Only the lines below from the one containing "Postage stamp from" to the one containing "What are the" should be repeated, both included and unchanged.

══ Data to examine ══

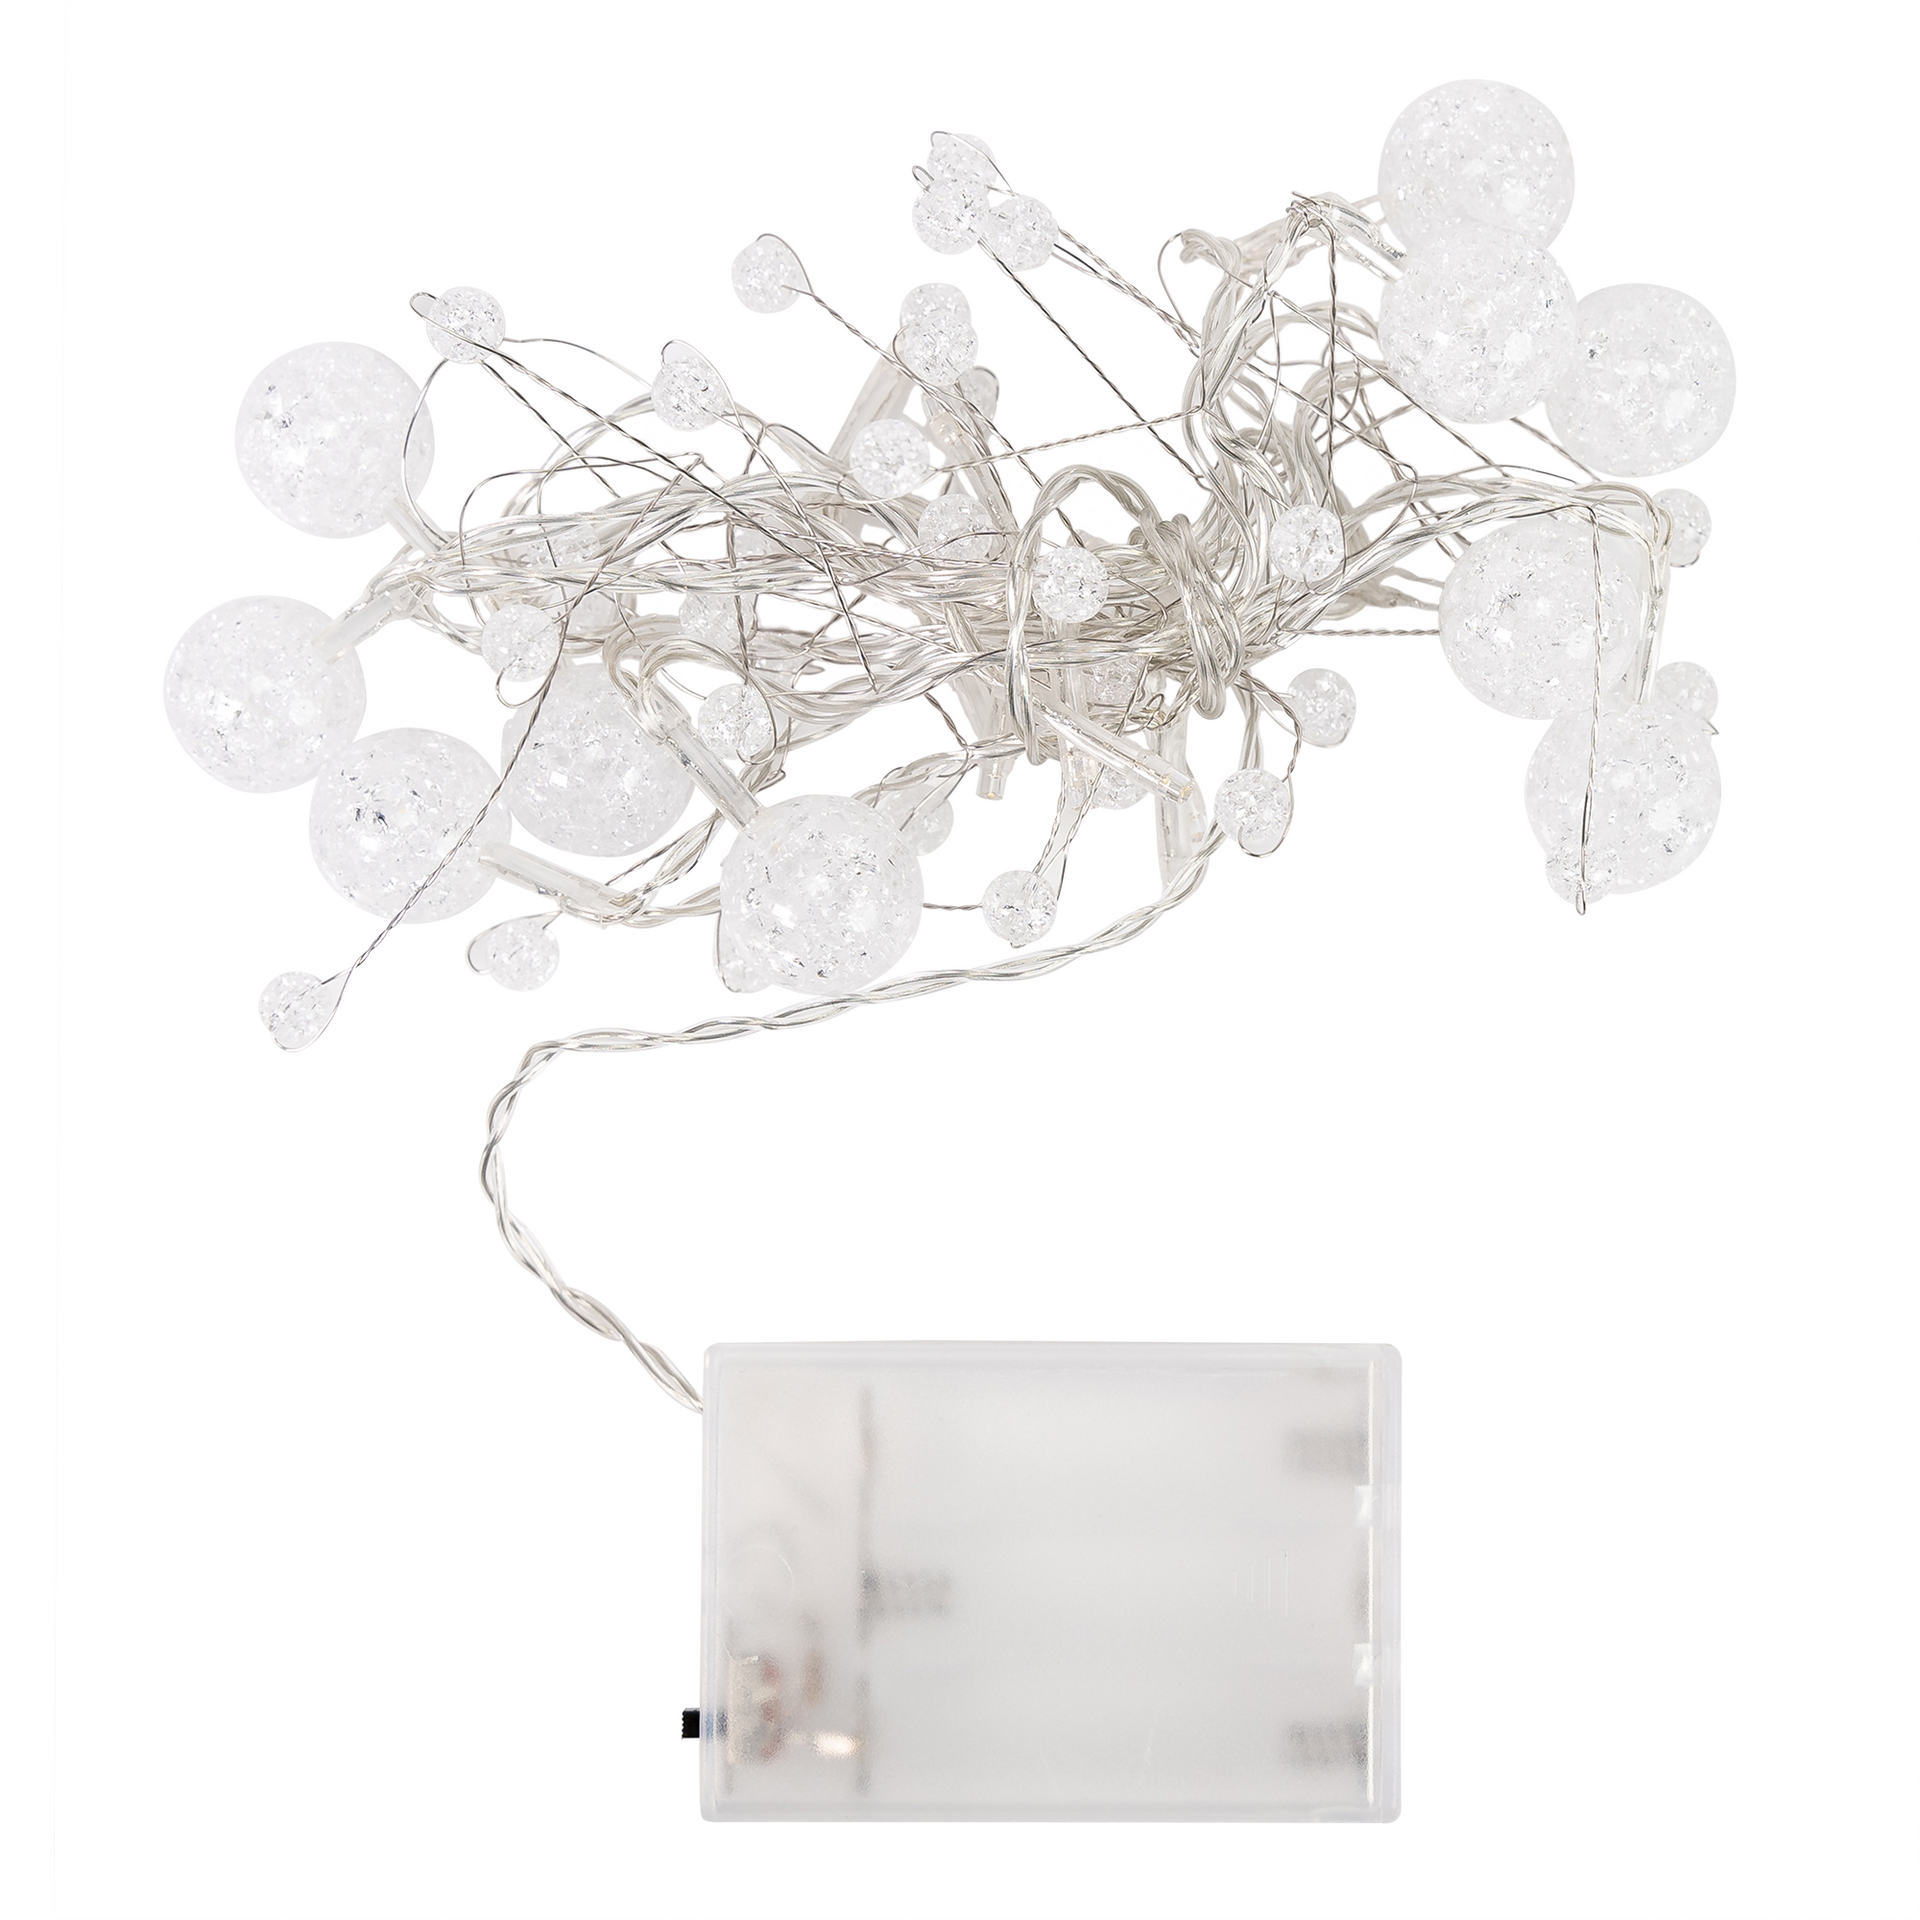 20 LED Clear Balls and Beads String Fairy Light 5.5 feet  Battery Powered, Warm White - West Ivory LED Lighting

═══
══ Data to examine ══

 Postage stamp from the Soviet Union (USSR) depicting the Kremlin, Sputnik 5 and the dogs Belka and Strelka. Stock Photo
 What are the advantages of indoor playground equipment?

═══

### Response to this task
 Postage stamp from the Soviet Union (USSR) depicting the Kremlin, Sputnik 5 and the dogs Belka and Strelka. Stock Photo
 What are the advantages of indoor playground equipment?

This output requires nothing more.